Work order. In the copy, every line of the material that follows must appear exactly, and no pictures should.

Recorded information.
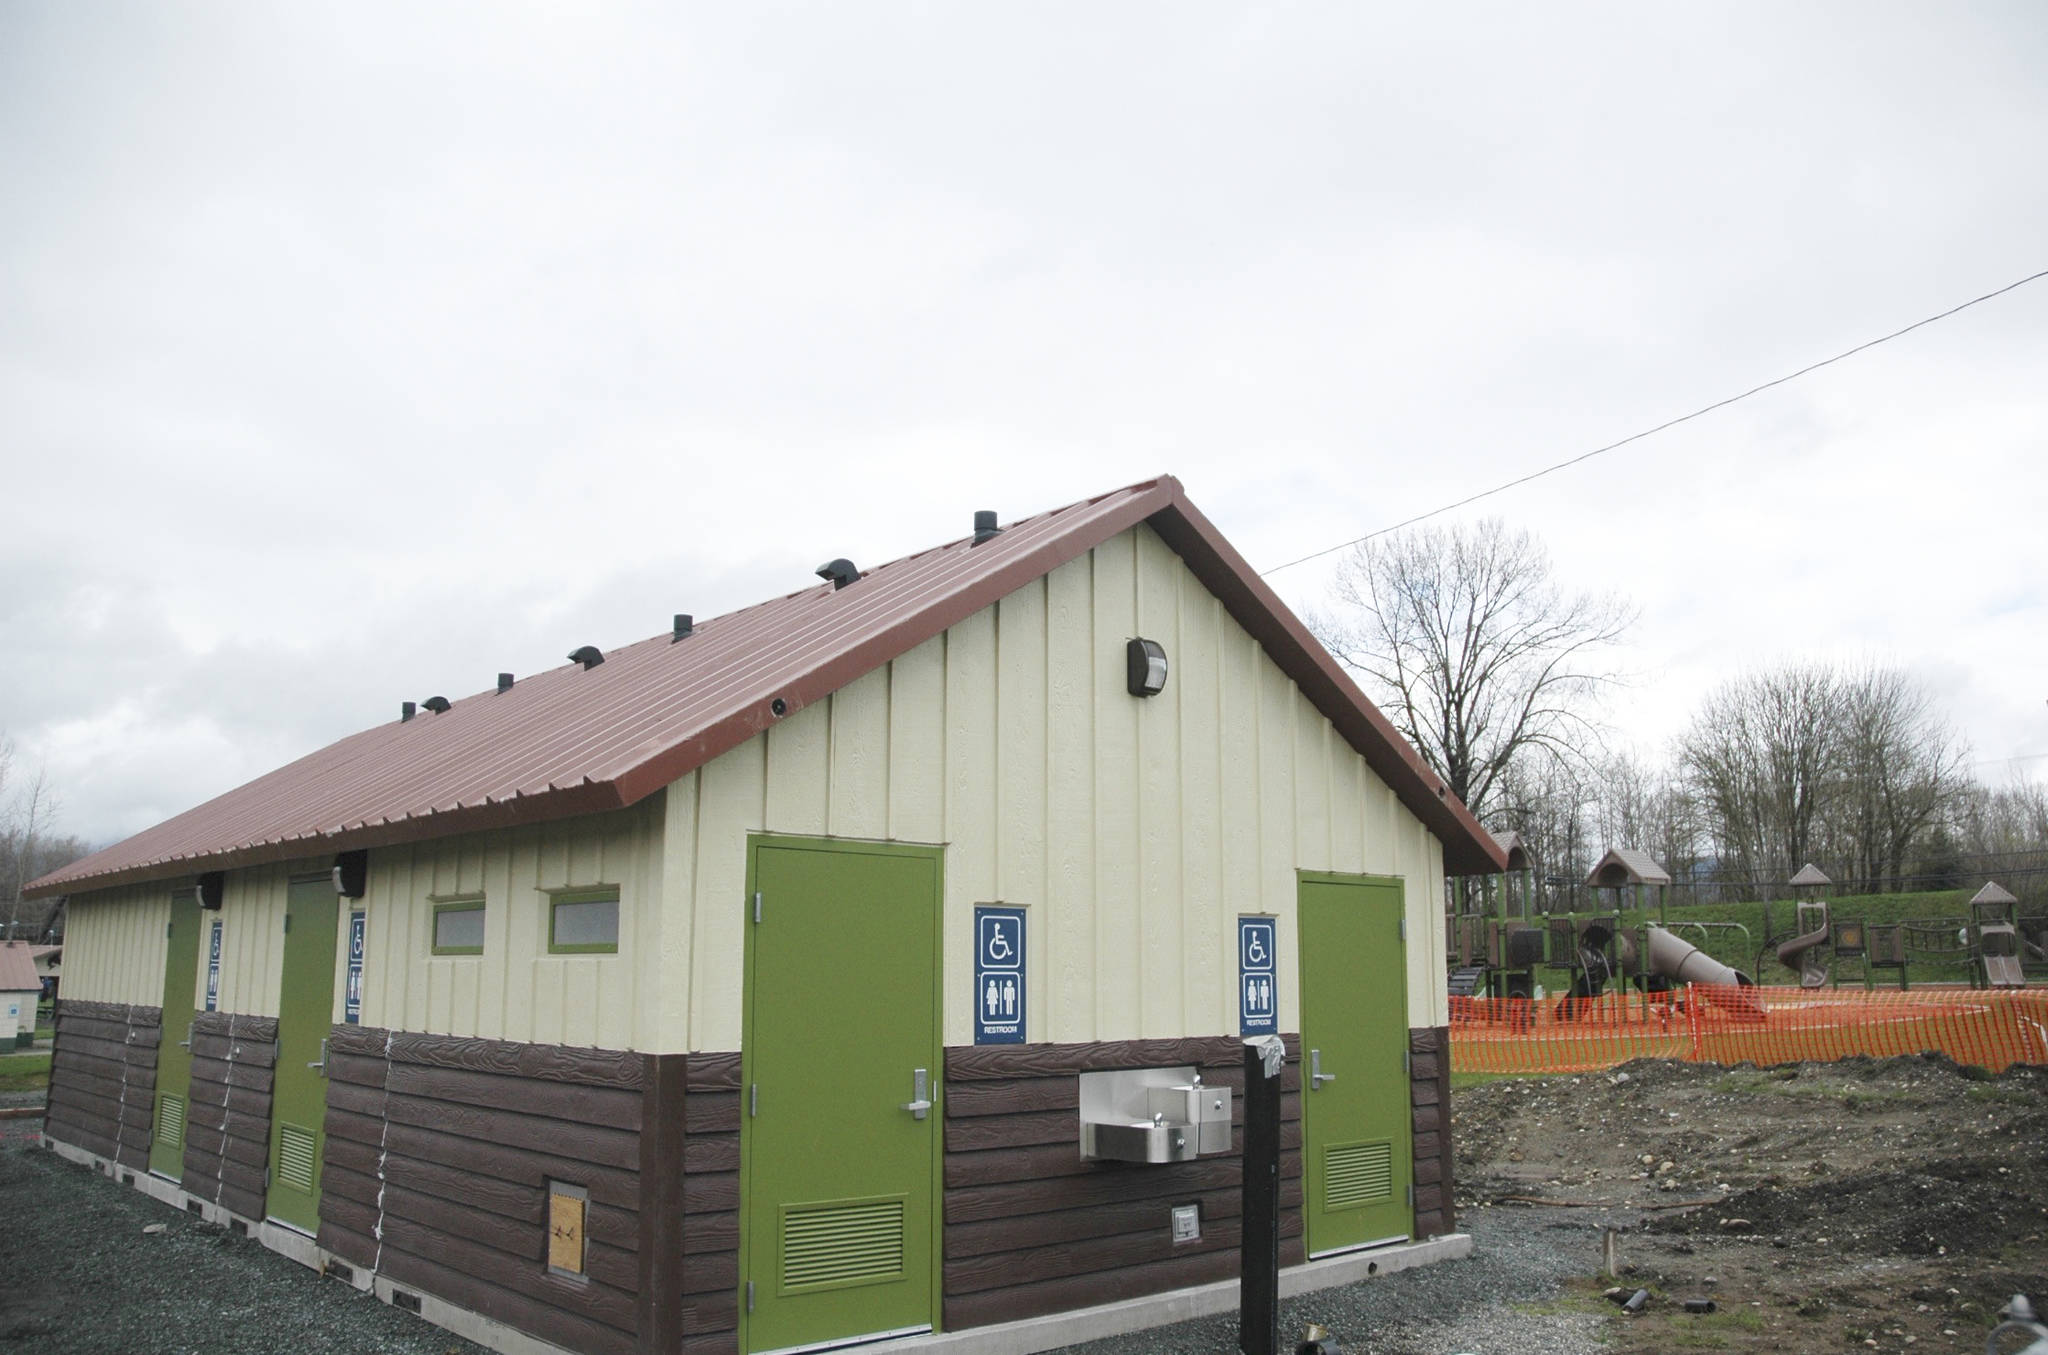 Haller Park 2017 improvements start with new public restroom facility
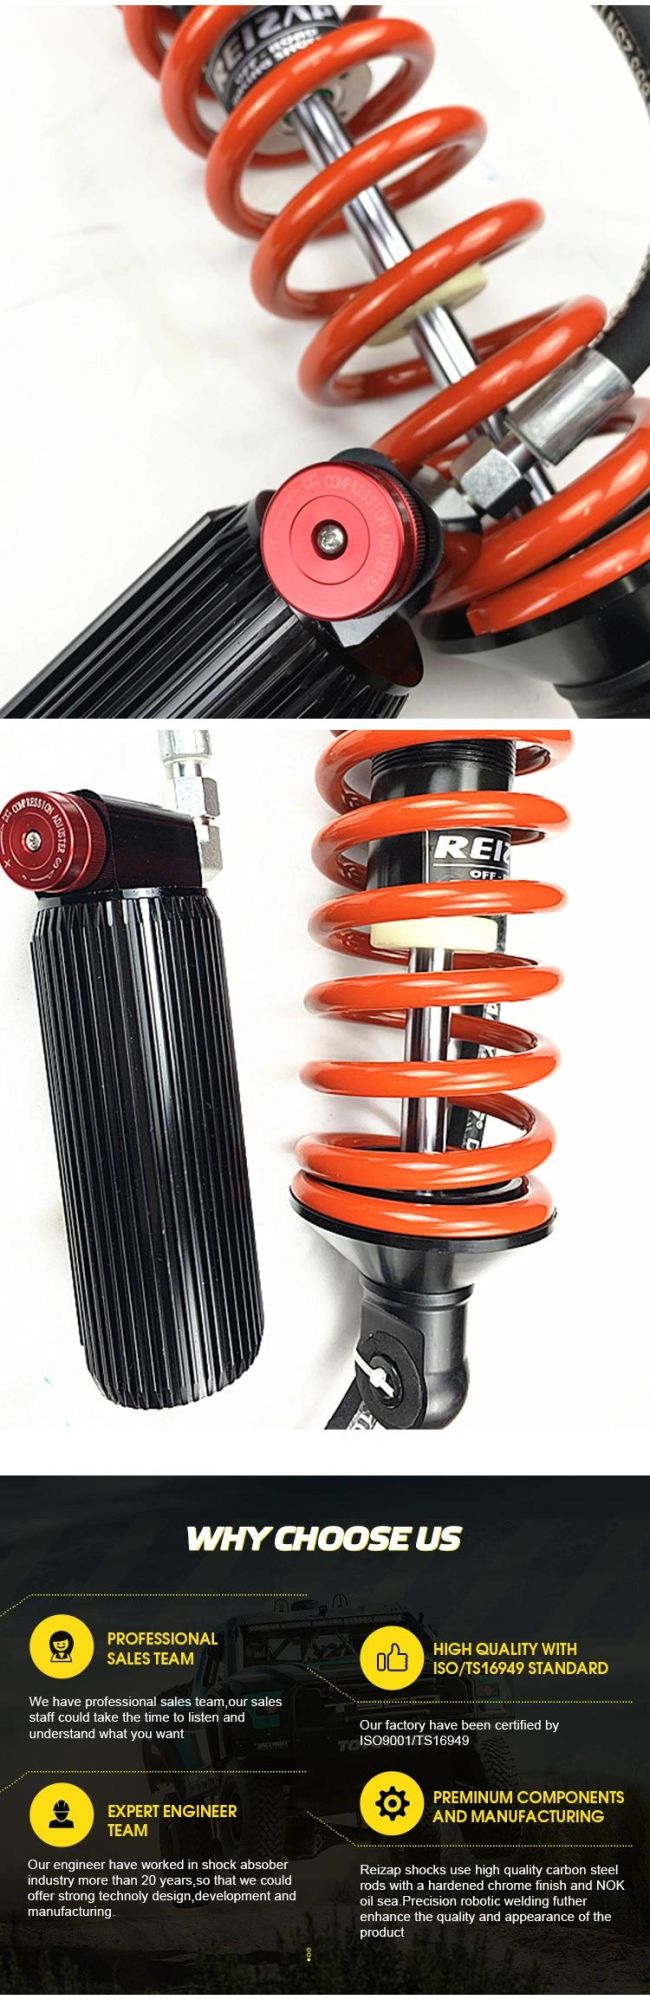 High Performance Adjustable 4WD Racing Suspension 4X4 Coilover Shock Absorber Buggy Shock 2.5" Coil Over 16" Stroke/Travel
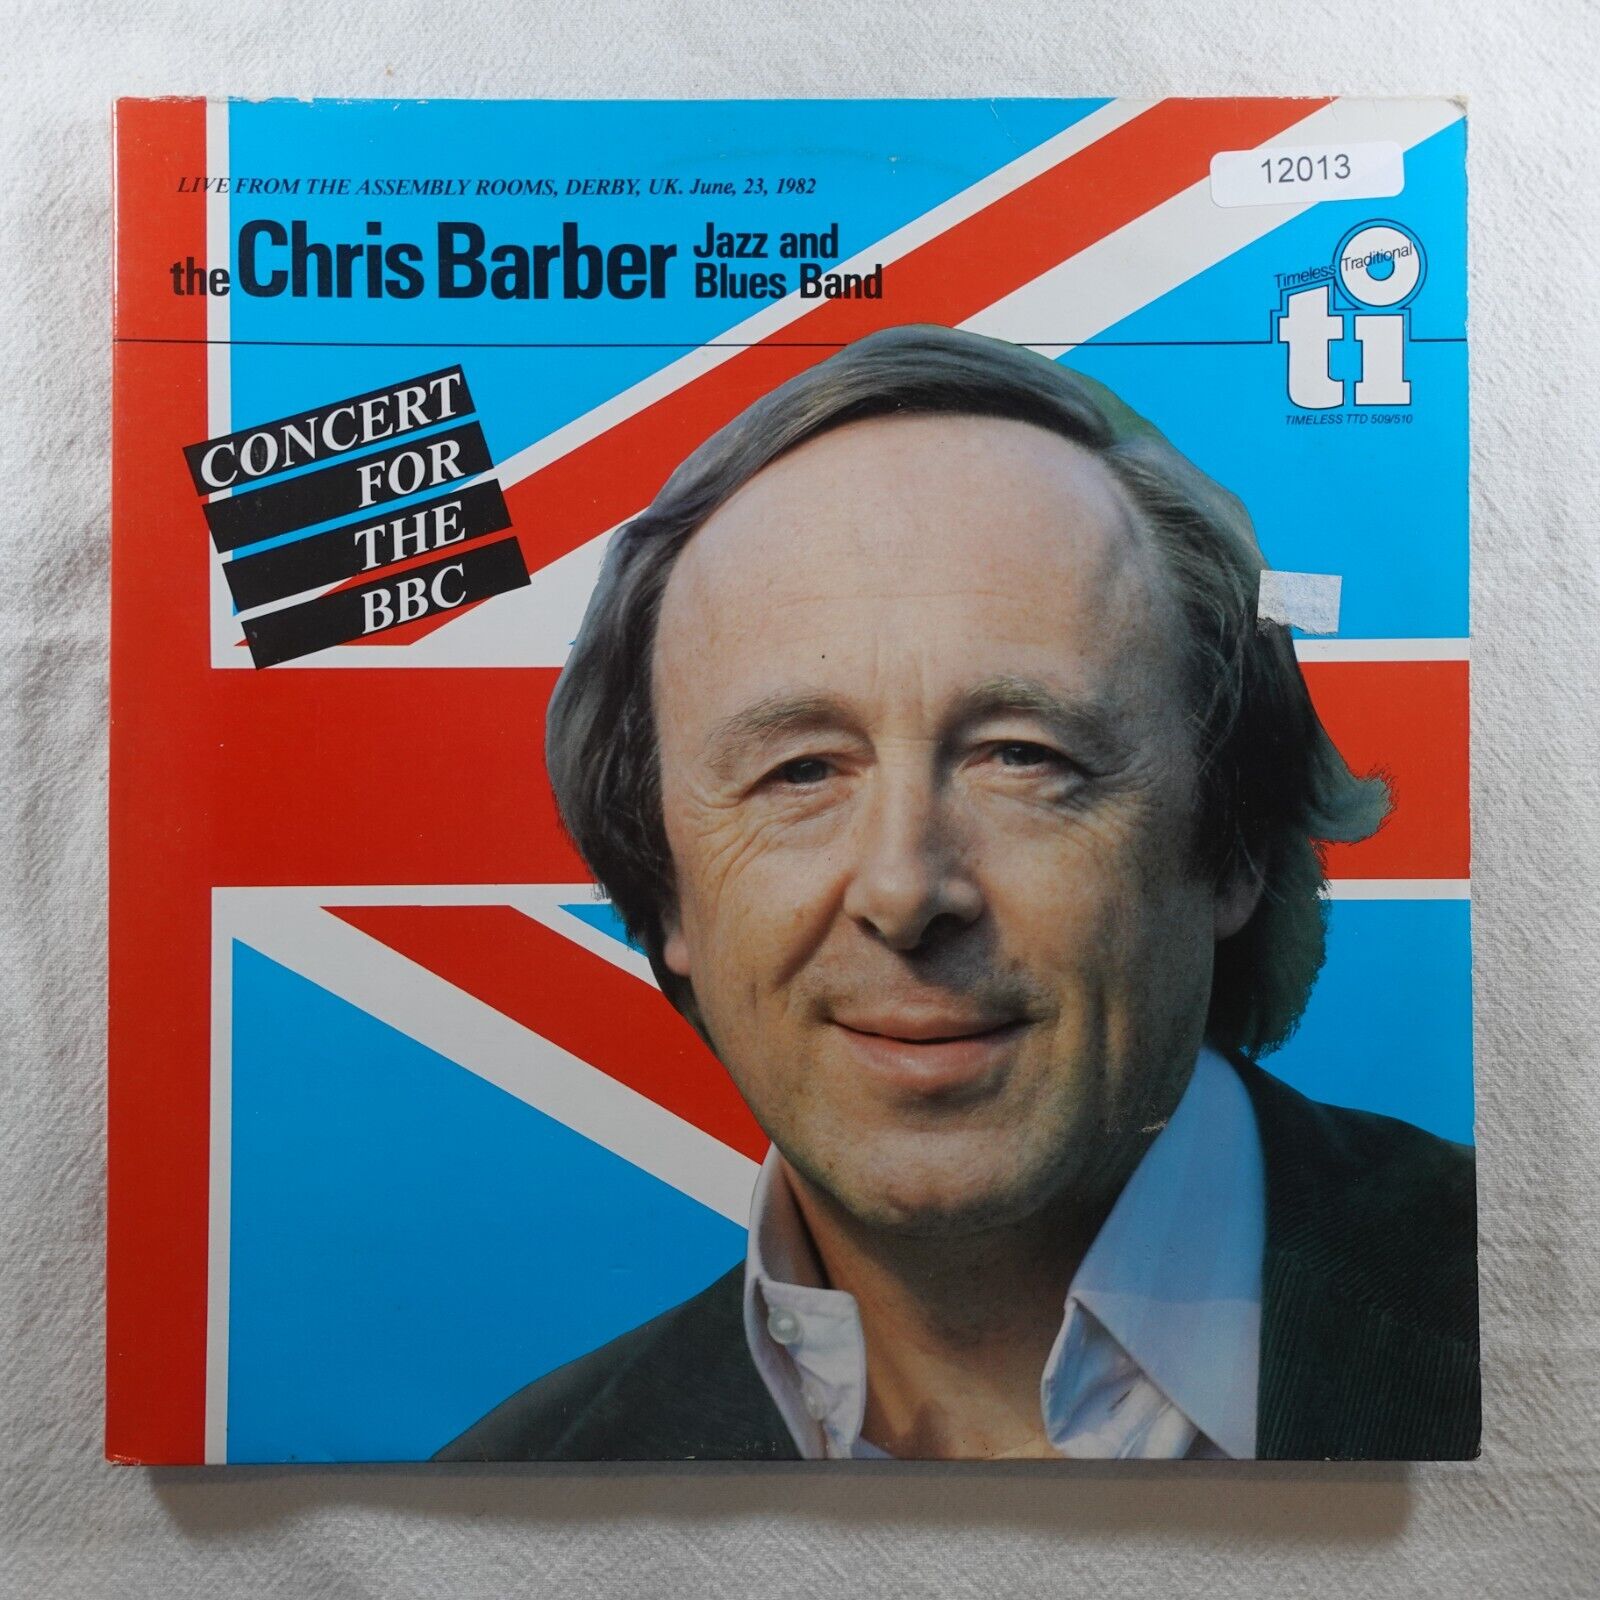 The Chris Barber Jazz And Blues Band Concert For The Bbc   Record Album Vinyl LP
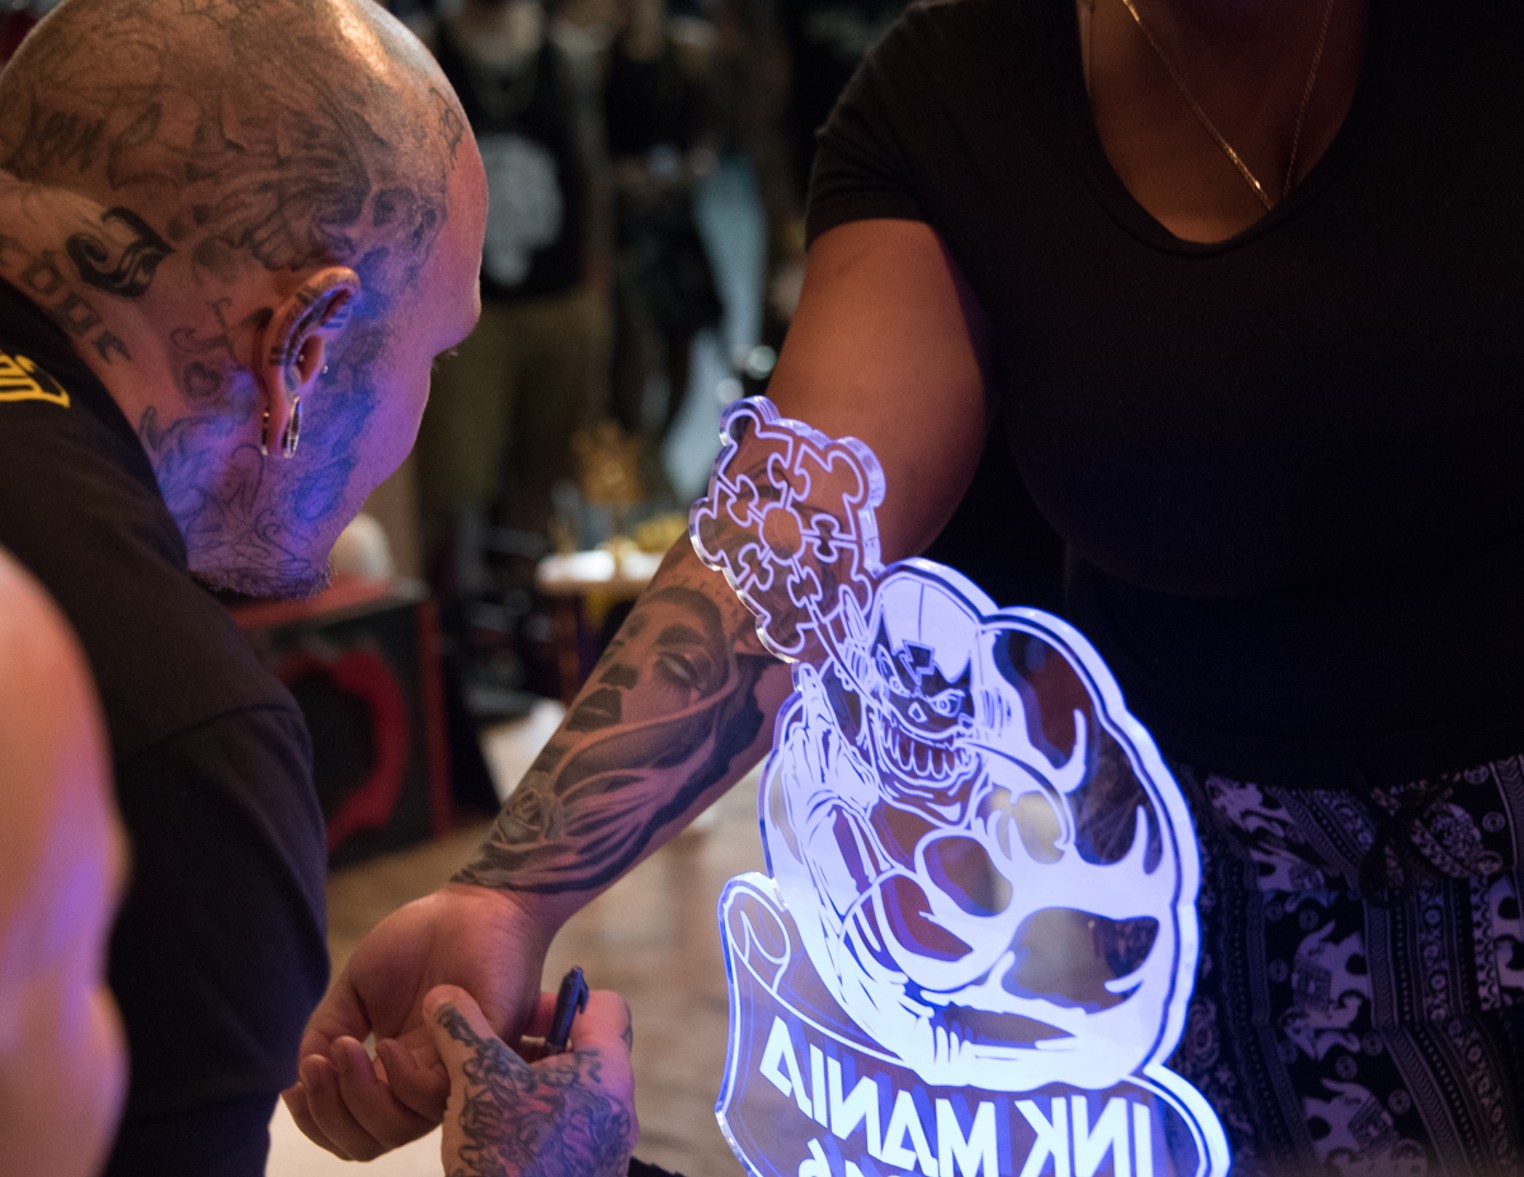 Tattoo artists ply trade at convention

Your solution.
 Haller Park 2017 improvements start with new public restroom facility
 High Performance Adjustable 4WD Racing Suspension 4X4 Coilover Shock Absorber Buggy Shock 2.5" Coil Over 16" Stroke/Travel
 The Chris Barber Jazz And Blues Band Concert For The Bbc   Record Album Vinyl LP
 Tattoo artists ply trade at convention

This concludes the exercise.